The only relevant information found indicates that "Portico/Navitor-family devices" have been mentioned in the context of TAVR (Transcatheter Aortic Valve Replacement) for bicuspid aortic valve stenosis, which is still within the broader category of aortic stenosis treatment.
There is no specific information available regarding:
- Clinical trials investigating Navitor for non-aortic stenosis indications
- Phase II or Phase III trials exploring alternative uses
- Intervention models for such trials
- Primary or secondary endpoints for novel applications
- Specific procedural techniques for non-aortic stenosis applications
The Navitor device appears to be primarily focused on its approved indication for treating severe calcific aortic stenosis through transcatheter aortic valve replacement procedures.

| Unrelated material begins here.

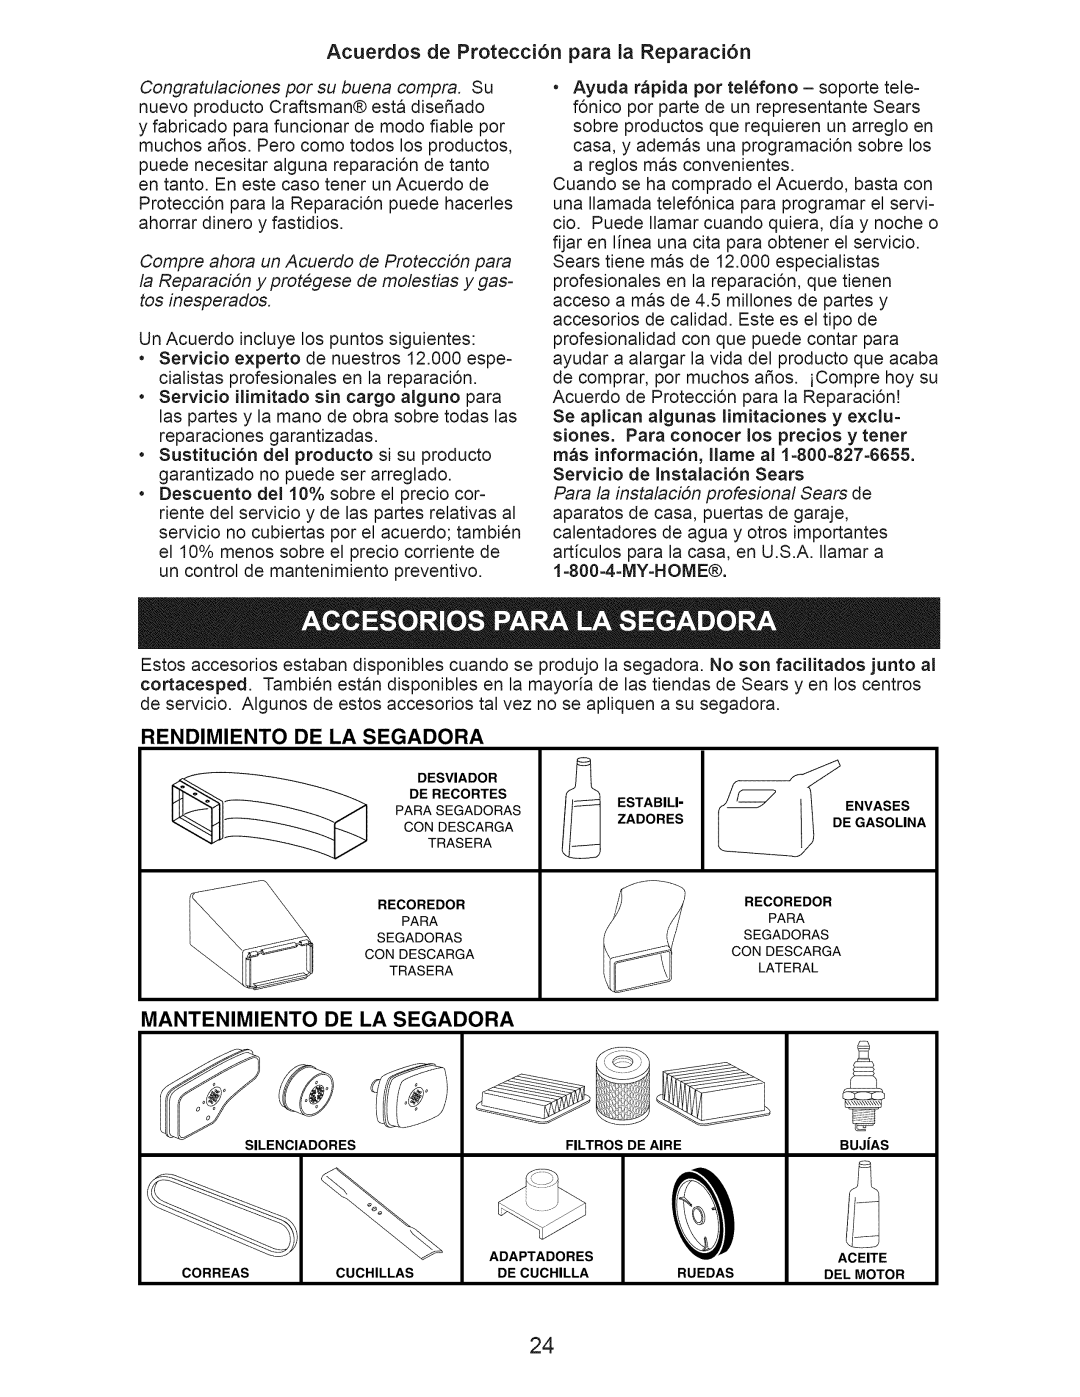 Craftsman 917.374364 Acuerdos de Protecci6n para la Reparaci6n, Rendimiento De La Segadora, Mantenimiento De La Segadora 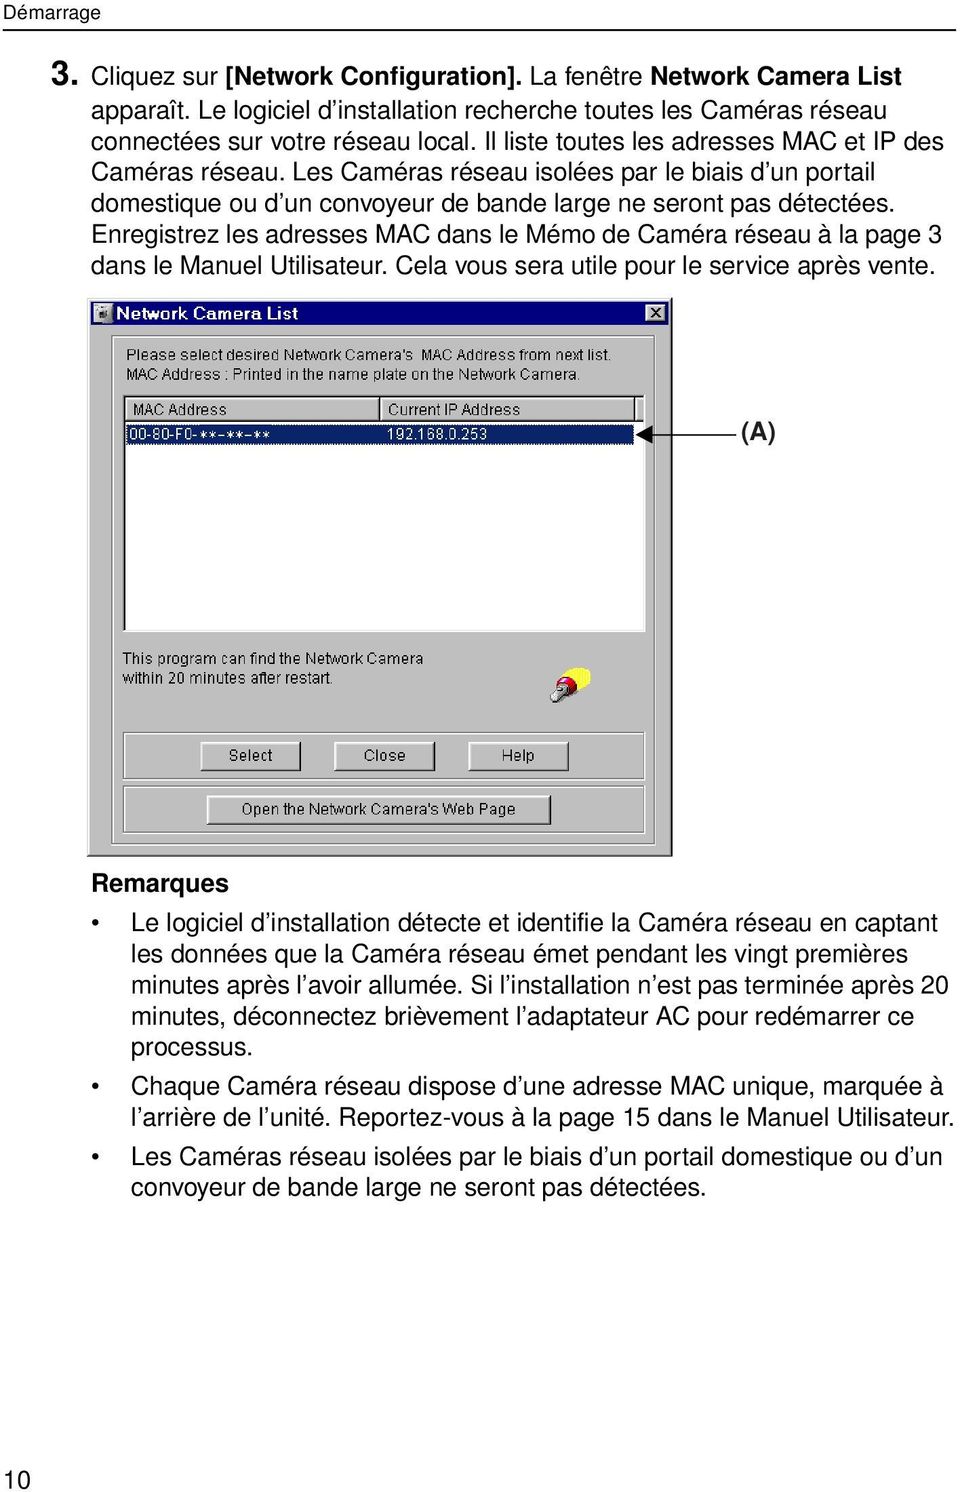 Enregistrez les adresses MAC dans le Mémo de Caméra réseau à la page 3 dans le Manuel Utilisateur. Cela vous sera utile pour le service après vente.

Without additional clinical trial registry data or published research protocols, it is not possible to definitively state whether Navitor is being investigated for expanded indications beyond various forms of aortic stenosis.
Healthcare professionals interested in the latest applications of the Navitor system should consult the manufacturer's clinical development pipeline or search clinical trial registries for the most current information on ongoing or planned studies.